In Romans 9:14-24, Paul takes on this very idea of God's sovereignty and our disrespect in questioning it. "But who are you, O man, to talk back to God?" Again, as offensive as it may sound to us, we have no right to question God. I mean, sure we can ask whatever questions we want but God is under no obligation to provide an answer.

Think about the Book of Job. Most of that book is made up of Job asking God why a huge set of calamities have plagued him and in the end, does God explain himself to Job? No. He spends four chapters questioning Job, basically asking Job what his credentials are and how they give him the right to question him.

This uncensored view of omnipotence has actually been a boon for me because I spent my formative years as a christian in churches where they preached what I've previously called transactional theology. I would frequently hear sermons where the pastor would say that if you did so and so then God would do such and such. This equation could take the form of the personal, "if you pray for your spouse in a certain way then God will bless your marriage," or the political, "if this group of lost people would just repent from their evil ways then God would bless this nation."

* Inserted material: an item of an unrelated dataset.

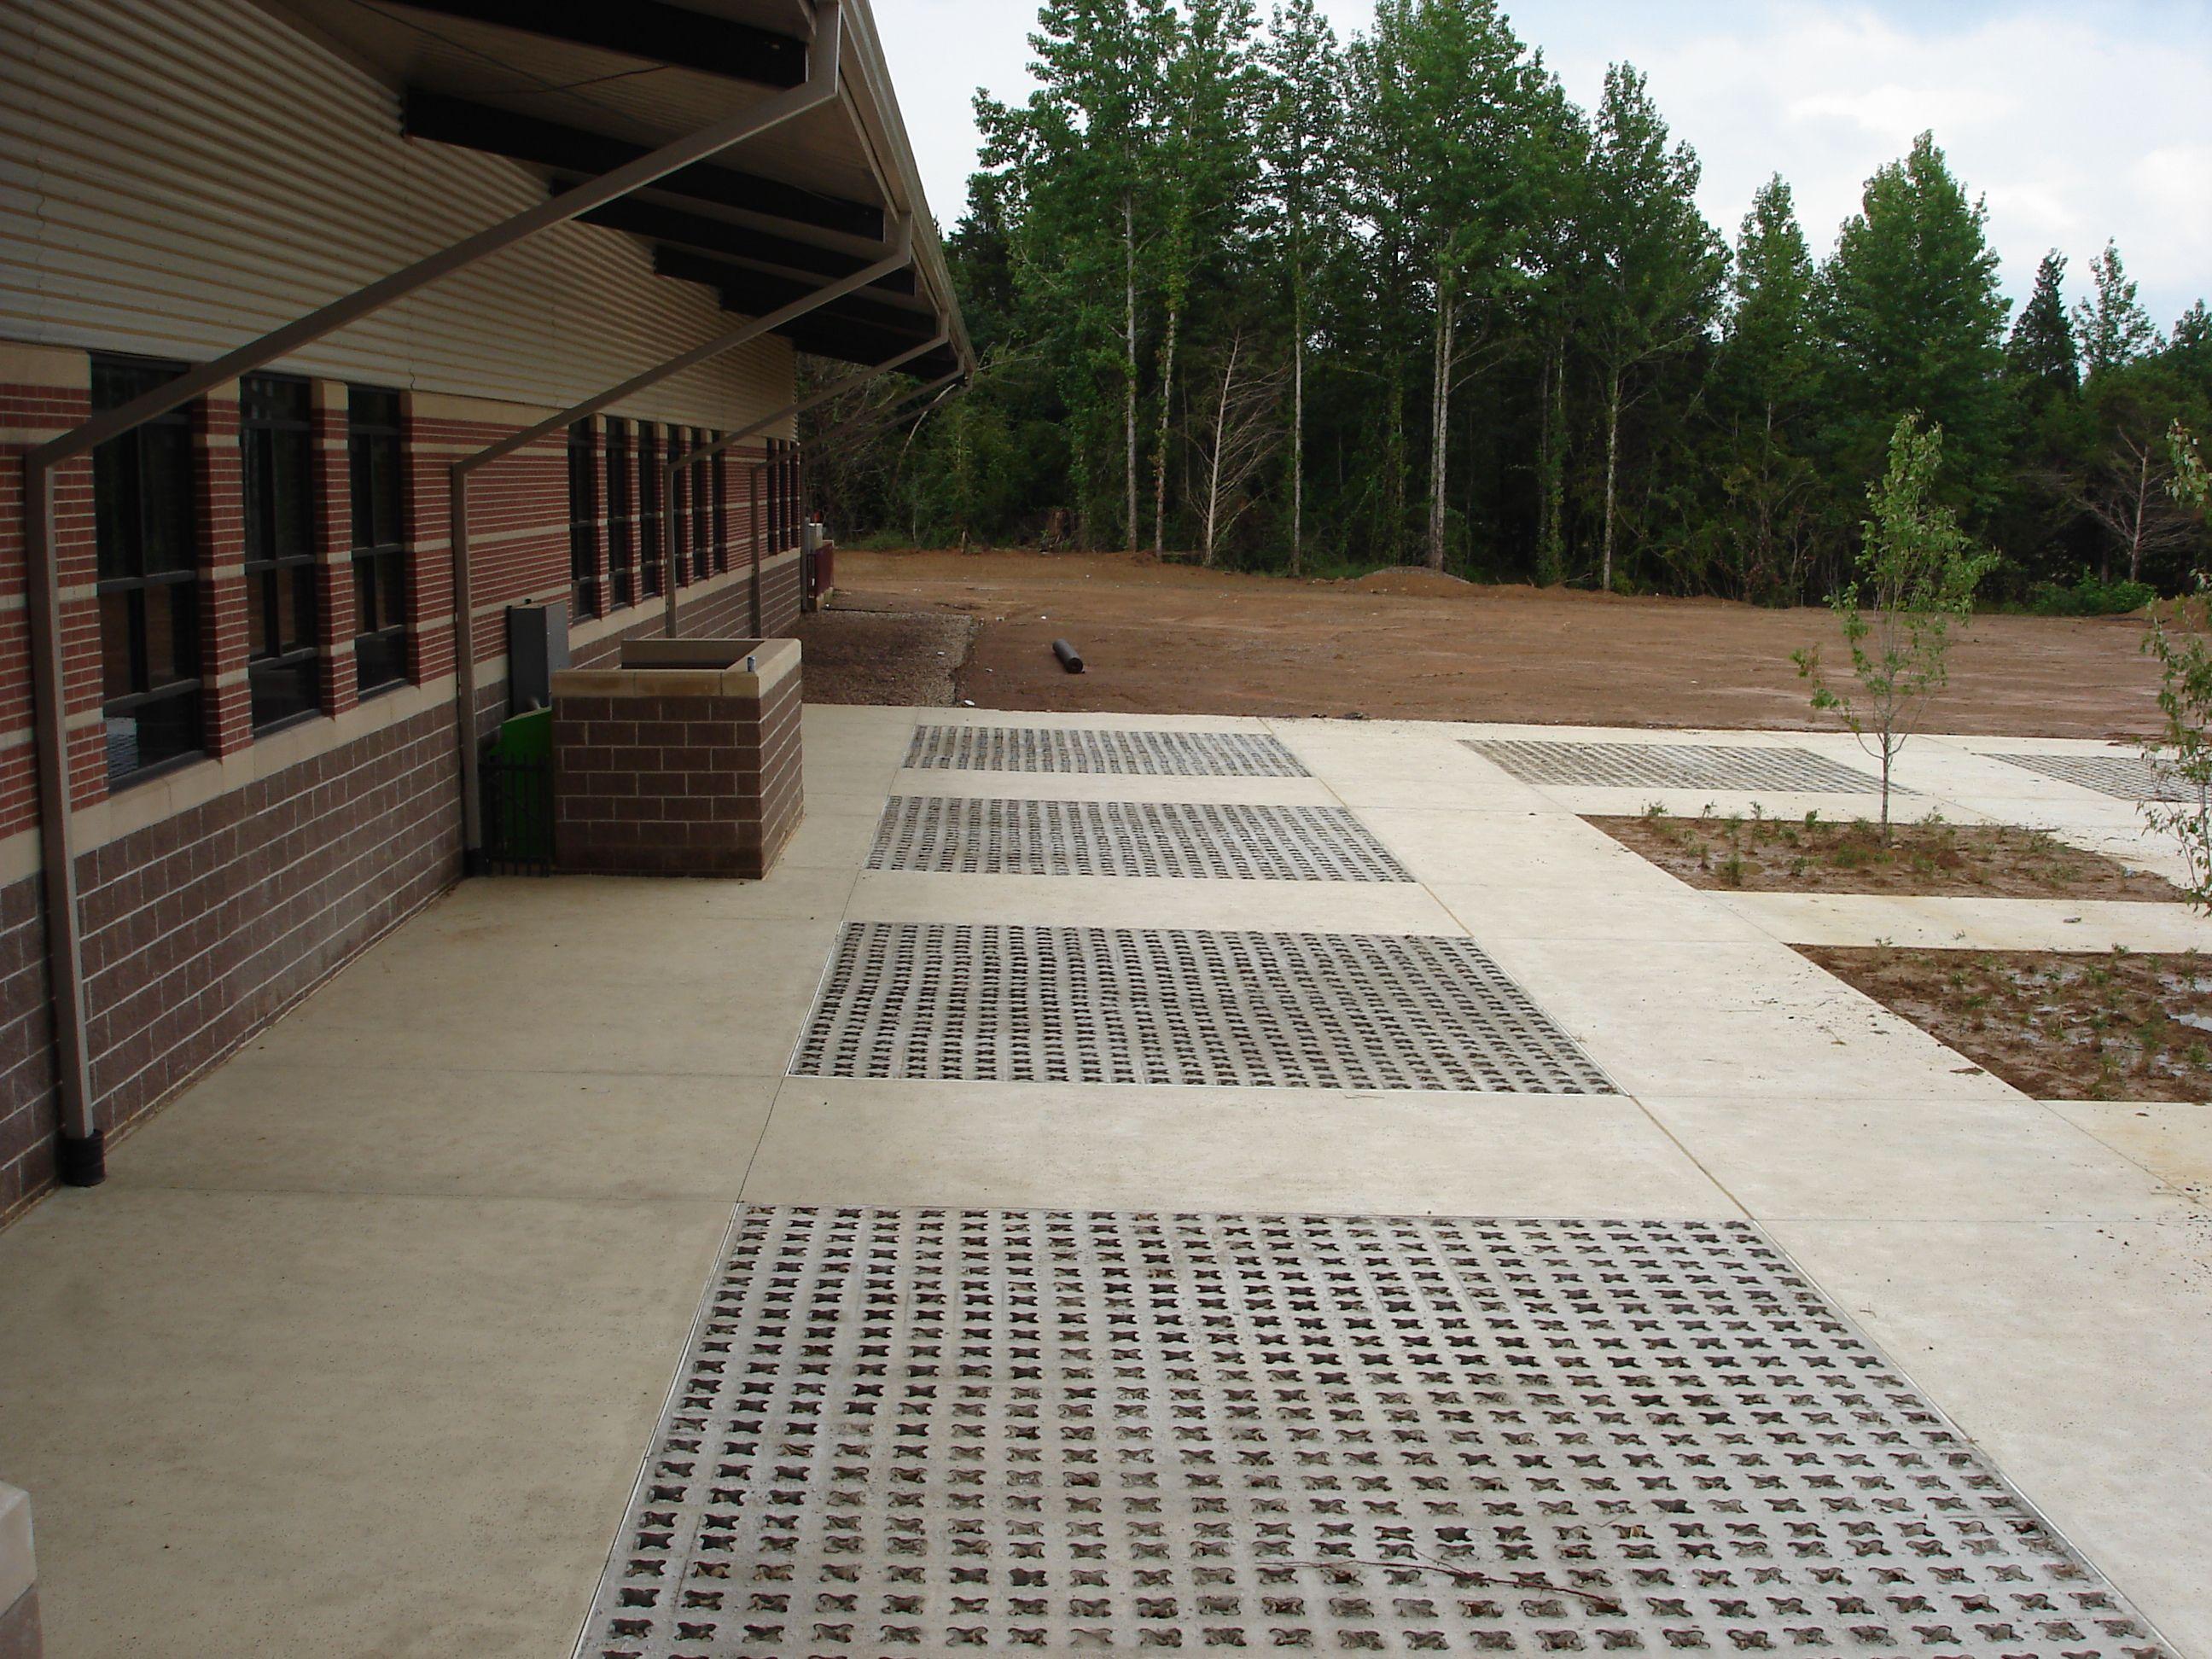 Grasscrete - Wooster Elementary School

On a personal note, there are two things that I've always wanted from God: to meet and eventually marry my wife and to interact with him in the personal way that I've heard so many other christians talk about. With both of these desires I was told by many church leaders and christian books what I needed to do in order to have God bring these things into my life. But no matter what I tried, I remained single and God remained silent. And for a long time, I beat myself up about this, thinking that I wasn't good enough or trying hard enough or reading the right books because the way I was hearing the advice, it seemed like a sure thing. If I did the proper actions then, like cause and effect, God would respond with the desired outcome. But that's not the way things went down.

It was when I finally realized that God doesn't jump through hoops that I was able to make peace with my situation in life. I came to understand that God is free to impart or withhold whatever blessings he choses and so not receiving what I prayed and tried to work for was not necessarily a result of a lack of some spiritual effort on my part but was merely the way God chose to let my life play out. I was able to relax because as far as I could tell, my being single and not being able to hear from God was not the result of a character flaw or some lack of special knowledge that I wasn't privy to. It was just God's will.

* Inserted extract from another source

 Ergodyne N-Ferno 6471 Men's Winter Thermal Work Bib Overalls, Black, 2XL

Some might object that such a view of God makes him out to be unfair or cruel or capricious, but how so? I mean, isn't it infinitely more unfair for us mere created creatures to object to the one who crafted the universe, to accuse him of giving us stones when we asked for bread? Isn't it cruel of us to forget our place in God's created order and to criticize him for not acting as we think he should - and this after he left the splendor of heaven to commune with us on this dusty, depraved planet, eventually dying an unimaginably cruel and unjust death for we spoiled creatures.

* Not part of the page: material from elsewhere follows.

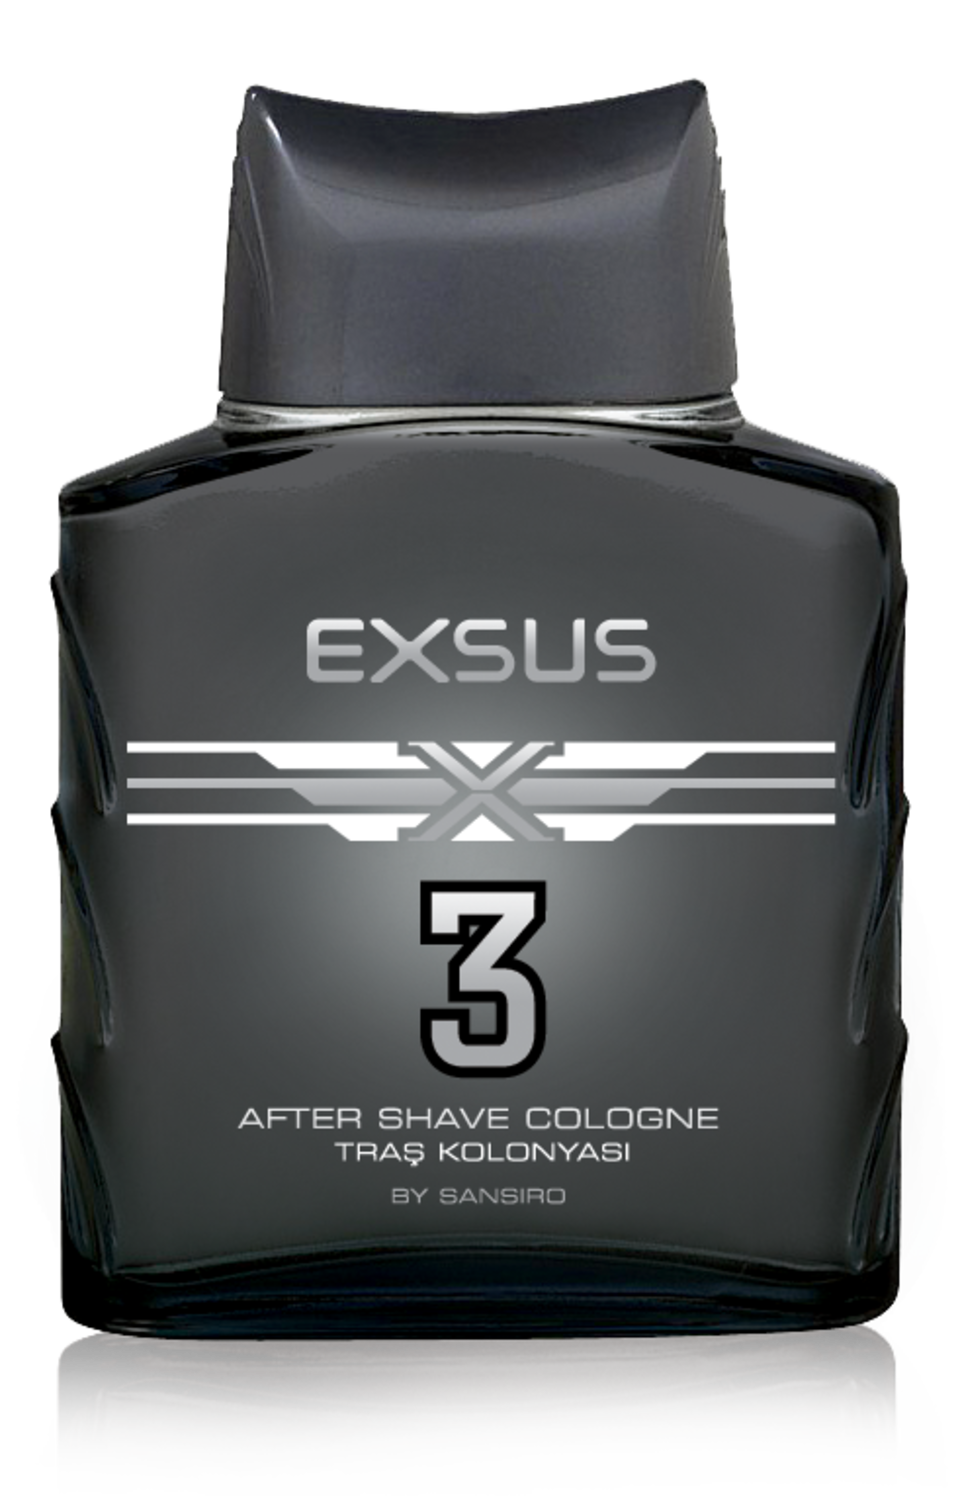 Sansiro Perfume -After Shave - Exsus 3

No, I think viewing God in all of his omnipotent autonomy leads to the opposite view - that any and all blessings he imparts are not something he is obliged to provide, rather they are unfathomably loving acts of infinite, unimaginable kindness and benevolence. Simply put, we don't deserve anything from God (apart from judgement) and so anything we have that is good in our life is there only by his amazing grace.

Thanks be to God.

1 comment:

Anonymous said...

randall,
some parts of your post u actually sounded like a small kind calvinist. No disrespect meant.
But hey, check out this guy and you already may know him, Matt Chandler. I can almost guarantee you'll dig him. He's by far the best communicator I've heard in a long time, and he is doctrinally sound...I think.